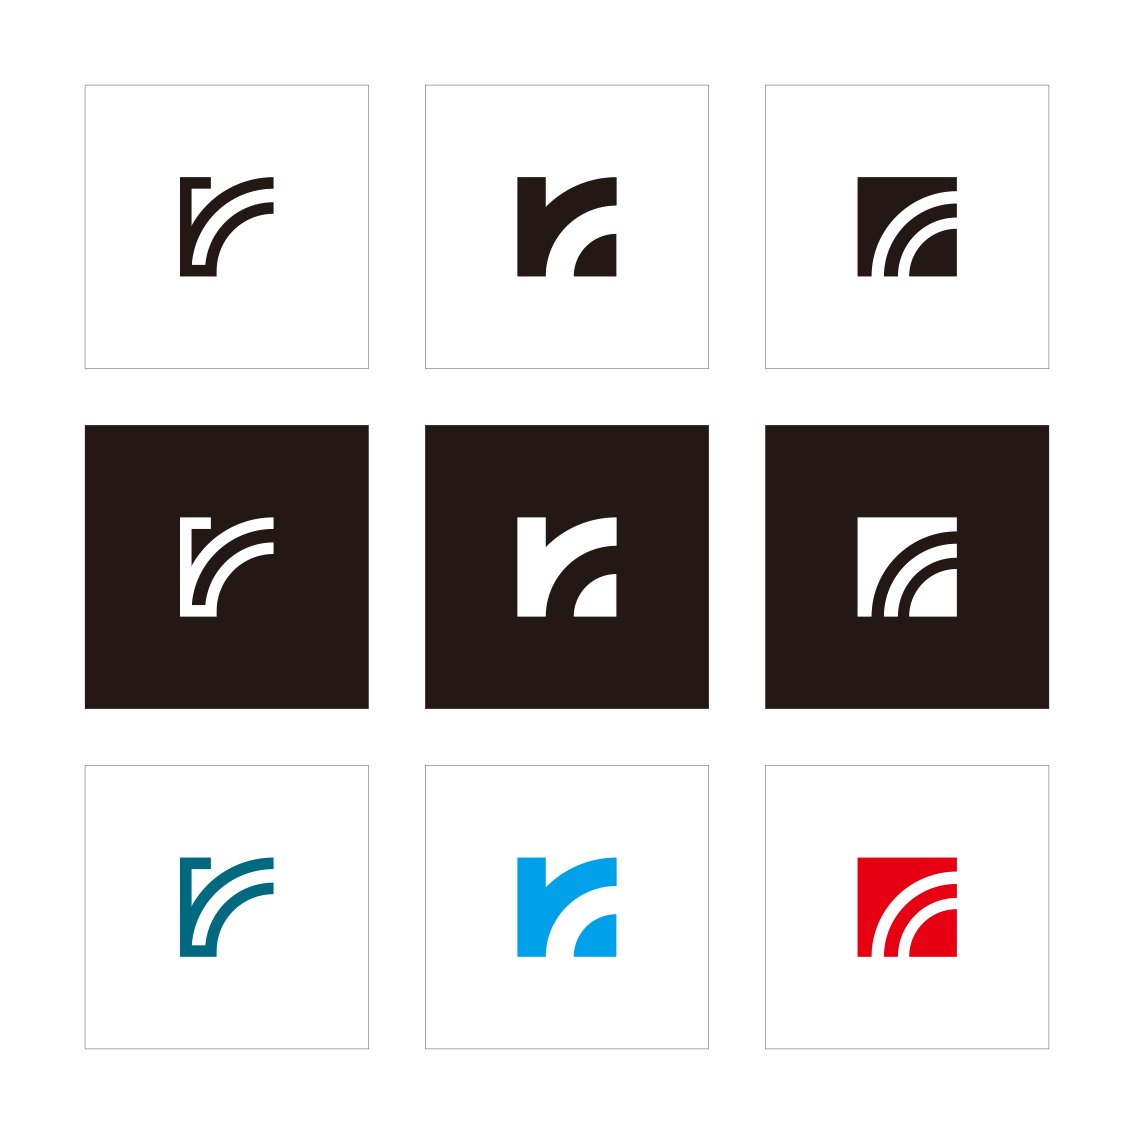 ロゴデザイン ロゴだく En Twitter ロゴを白と黒でシミュレーション 背景が黒 ロゴが白の方は膨張して見えます サイトアップ準備中 色を決めるのは最後になります 白黒のロゴは重要です Rロゴ ロゴが出来るまで 白黒ロゴ ロゴだく Logodaku
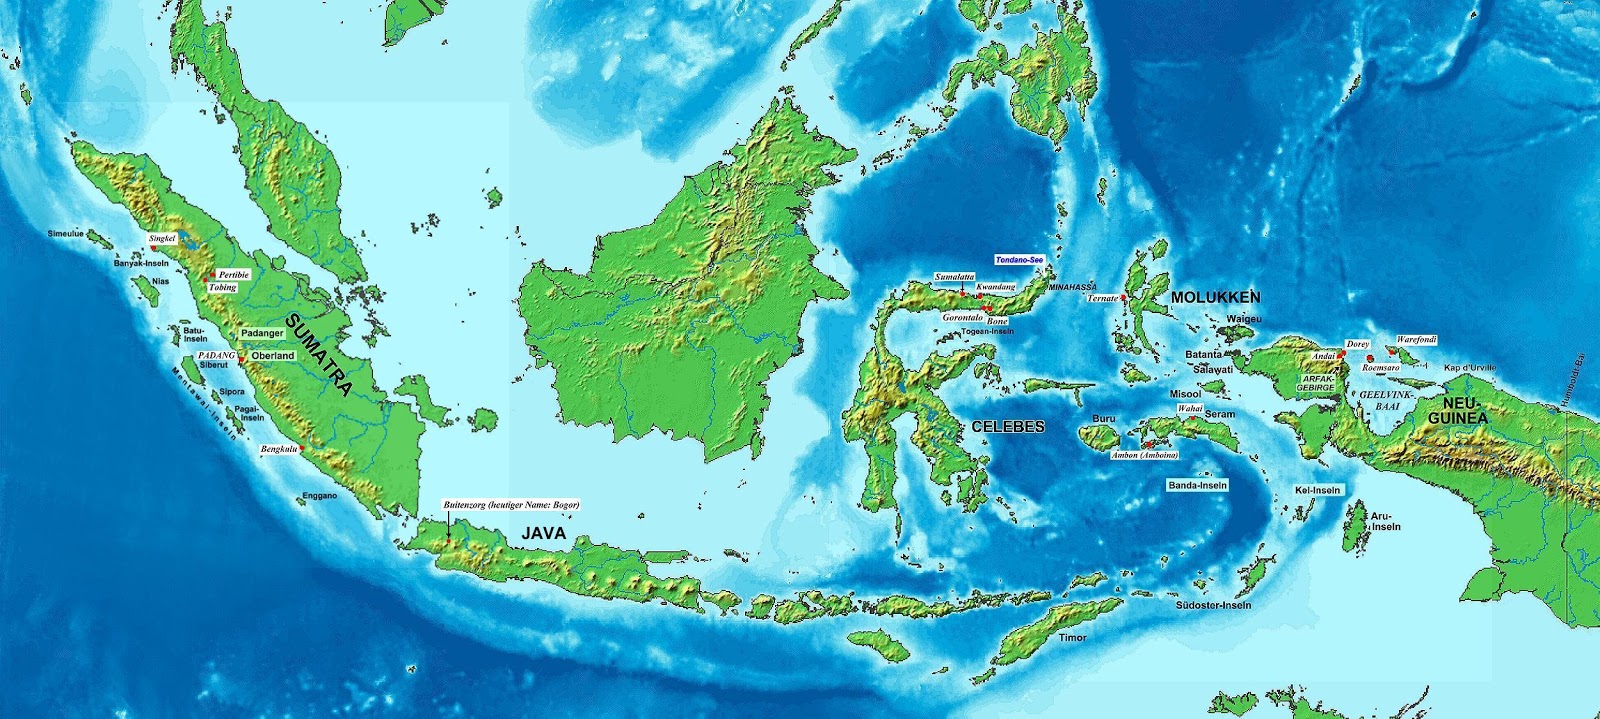 Gambar Peta Indonesia  Lengkap Kumpulan Gambar Lengkap
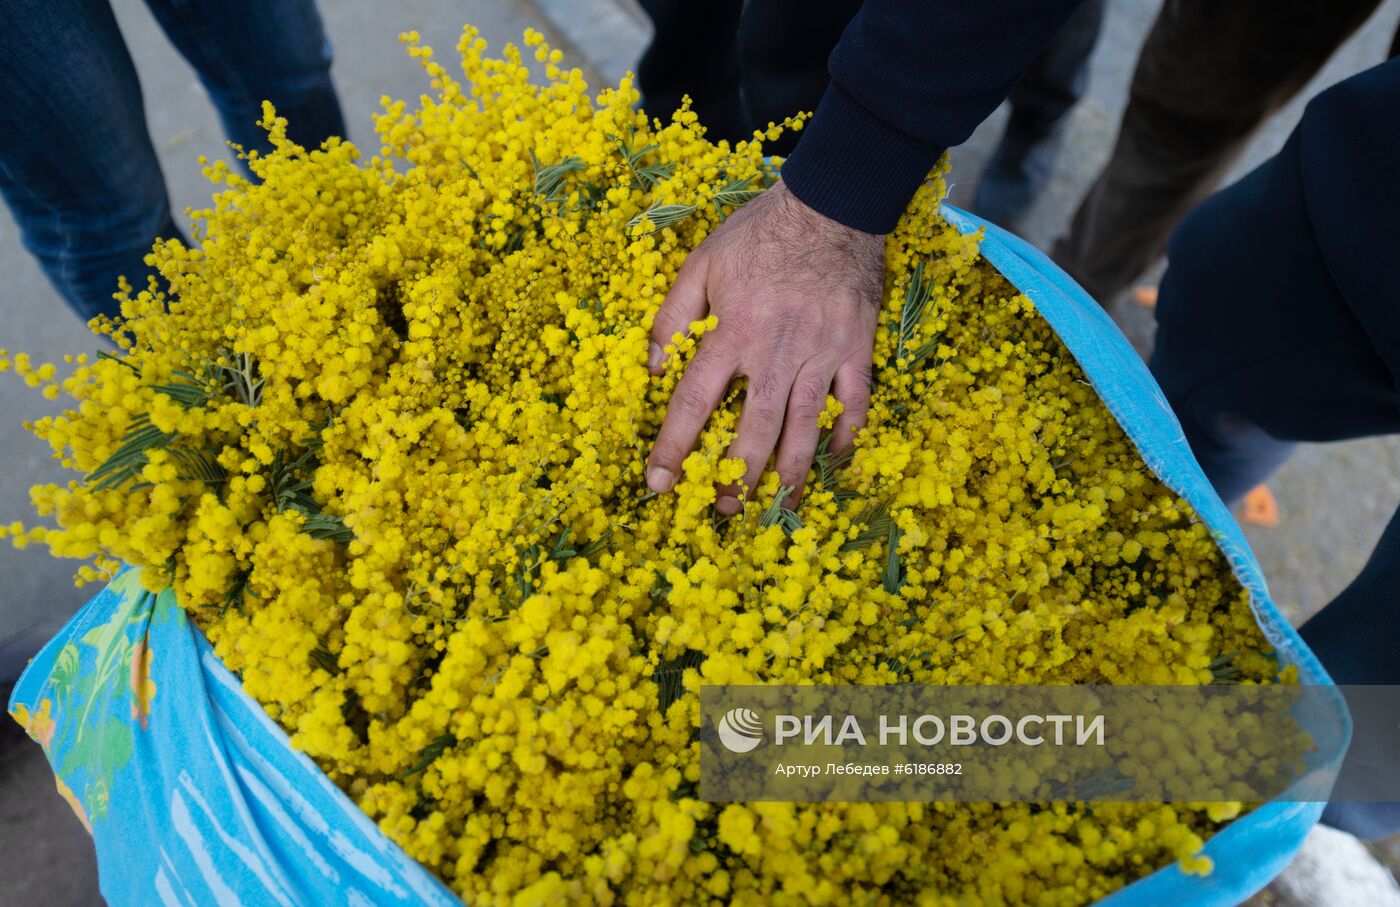 Продажа мимозы из Абхазии на российско-абхазской границе

***

**Task directions**
Lines from the one that contains "Gambar Peta Indonesia" to the final line of the material are the whole answer. Reproduce them word for word and skip the pictures.

**Output for this exercise**
 Gambar Peta Indonesia  Lengkap Kumpulan Gambar Lengkap
 Продажа мимозы из Абхазии на российско-абхазской границе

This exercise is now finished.